Leyre Mestre,Carolina Martín,Carmen Guaza,Graciela Alonso,Ana Feliú,Luisa M Villar,Miriam Mecha

doi:10.1111/acel.13440

Abstract

Although aggravated multiple sclerosis (MS) disability has been reported in aged patients, the aging impact on immune cells remodeling within the CNS is not well understood. Here, we investigated the influence of aging on immune cells and the neuroinflammatory and neurodegenerative processes that occur in a well‐established viral model of progressive MS. We found an anomalous presence of CD4+ T, CD8+T, B cells, and cells of myeloid lineage in the CNS of old sham mice whereas a blunted cellular innate and adaptive immune response was observed in Theiler's murine encephalomyelitis virus (TMEV) infected old mice. Microglia and macrophages show opposite CNS viral responses regarding cell counts in the old mice. Furthermore, enhanced expression of Programmed Death‐ligand 1 (PD‐L1) was found in microglia isolated from old TMEV‐infected mice and not in isolated CNS macrophages. Immunocytochemical staining of microglial cells confirms the above differences between young and old mice. Age‐related axonal loss integrity in the mouse spinal cord was found in TMEV mice, but a less marked neurodegenerative process was present in old sham mice compared with young sham mice. TMEV and sham old mice also display alterations in innate and adaptive immunity in the spleen compared to the young mice.
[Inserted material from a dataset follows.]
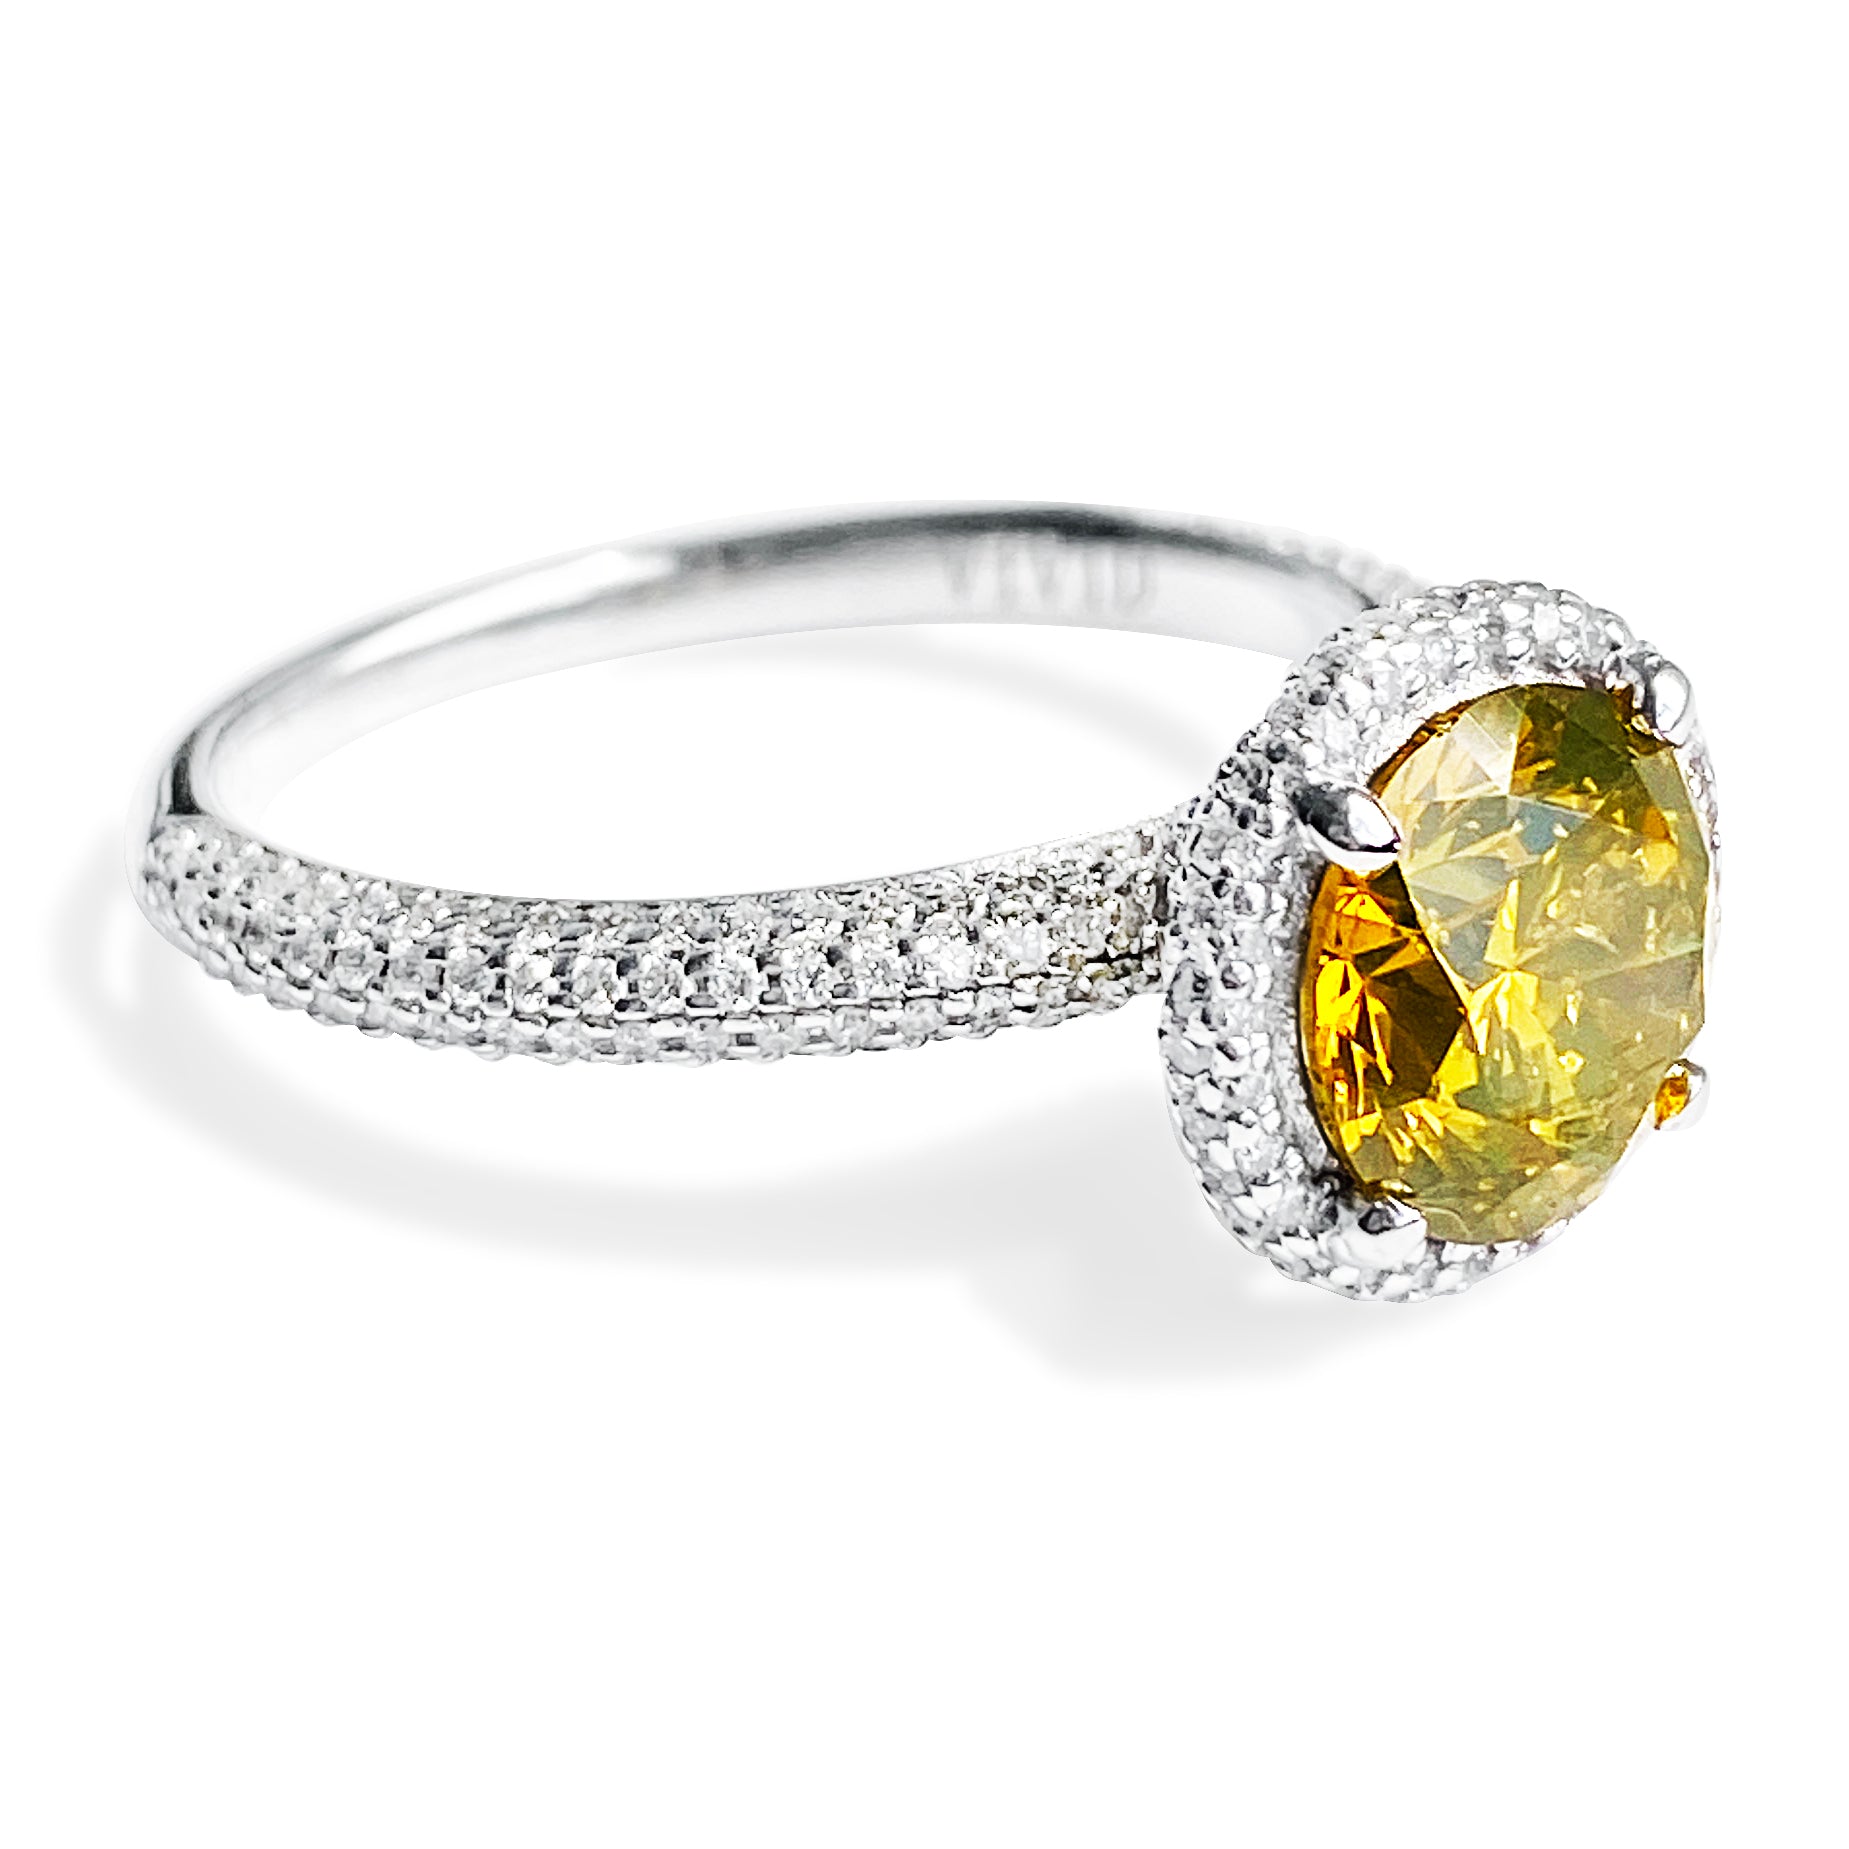 1.89 Carat Fancy Yellow Round Brilliant Diamond Halo Ring

Our study supports the need of new or adapted pharmacological strategies for MS elderly patients.

Highlights

Multiple sclerosis (MS) is a chronic inflammatory demyelinating CNS disease characterized by reversible neurological deficits associated with inflammation and secondary progressive neurodegeneration.About 80% of multiple sclerosis (MS) patients are diagnosed with the relapsing- remitting form (RRMS), but 70% of these patients shift to a progressive disease course (PMS) as they age (Tutuncú et al, 2013)
Theiler's murine encephalomyelitis virus (TMEV)-IDD model features a chronic progressive disease course which lasts for the entire lifespan in susceptible mice showing a dynamic of motor dysfunction and score severity that depends on the virus strain (McCarthy et al, 2012)
In the viral model used here, the brain cellular remodeling that occurs in adaptive immunity as mice get old reflects a blunted TMEV immune response, being largely a consequence of the changes observed in the old control mice that exhibited an anomalous presence of CD4+ and CD8+ T cells

Summary

Introduction

About 80% of MS patients are diagnosed with the relapsing- remitting form (RRMS), but 70% of these patients shift to a progressive disease course (PMS) as they age (Tutuncú et al, 2013). This change has been related to immunosenescence, the changes that occur in the cellular immune response as a result of aging. Premature immune aging has been described in some MS patients, perhaps underlying the transition from the RR form to a progressive disease course (Thewissen et al, 2005). Interest in understanding the impact of aging on the course of MS has emerged in an attempt to find novel therapies or to adapt current treatments to the chronological age of patients (Vaughn et al, 2019)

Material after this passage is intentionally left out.